The simplest way is to use Dask's map_partitions. You need these imports (you will need to pip install dask):

import pandas as pd
import dask.dataframe as dd
from dask.multiprocessing import get

and the syntax is

data = <your_pandas_dataframe>
ddata = dd.from_pandas(data, npartitions=30)

def myfunc(x,y,z, ...): return <whatever>

res = ddata.map_partitions(lambda df: df.apply((lambda row: myfunc(*row)), axis=1)).compute(get=get)

(I believe that 30 is a suitable number of partitions if you have 16 cores).

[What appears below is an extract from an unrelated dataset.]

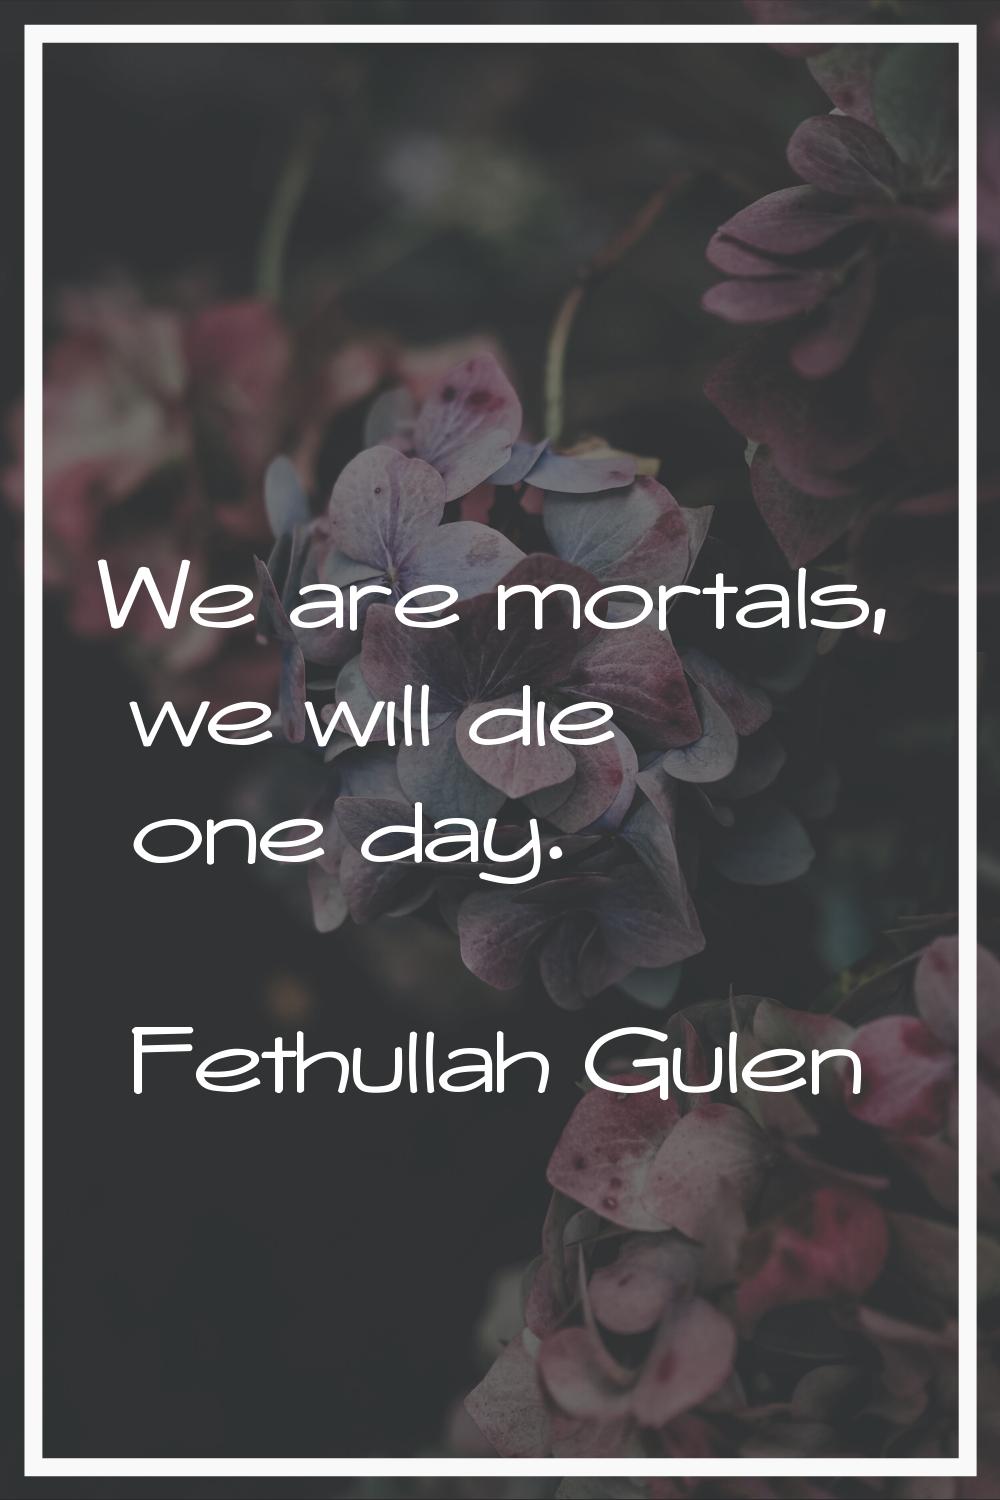 We are mortals, we will die one day.

Just for completeness, I timed the difference on my machine (16 cores):

data = pd.DataFrame()
data['col1'] = np.random.normal(size = 1500000)
data['col2'] = np.random.normal(size = 1500000)

ddata = dd.from_pandas(data, npartitions=30)
def myfunc(x,y): return y*(x**2+1)
def apply_myfunc_to_DF(df): return df.apply((lambda row: myfunc(*row)), axis=1)
def pandas_apply(): return apply_myfunc_to_DF(data)
def dask_apply(): return ddata.map_partitions(apply_myfunc_to_DF).compute(get=get)  
def vectorized(): return myfunc(data['col1'], data['col2']  )

t_pds = timeit.Timer(lambda: pandas_apply())
print(t_pds.timeit(number=1))

28.16970546543598

t_dsk = timeit.Timer(lambda: dask_apply())
print(t_dsk.timeit(number=1))

2.708152851089835

t_vec = timeit.Timer(lambda: vectorized())
print(t_vec.timeit(number=1))

0.010668013244867325

Giving a factor of 10 speedup going from pandas apply to dask apply on partitions. Of course, if you have a function you can vectorize, you should - in this case the function (y*(x**2+1)) is trivially vectorized, but there are plenty of things that are impossible to vectorize.

0 讨论(0)

天涯浪人

2020-11-27 10:33
To use all (physical or logical) cores, you could try mapply as an alternative to swifter and pandarallel.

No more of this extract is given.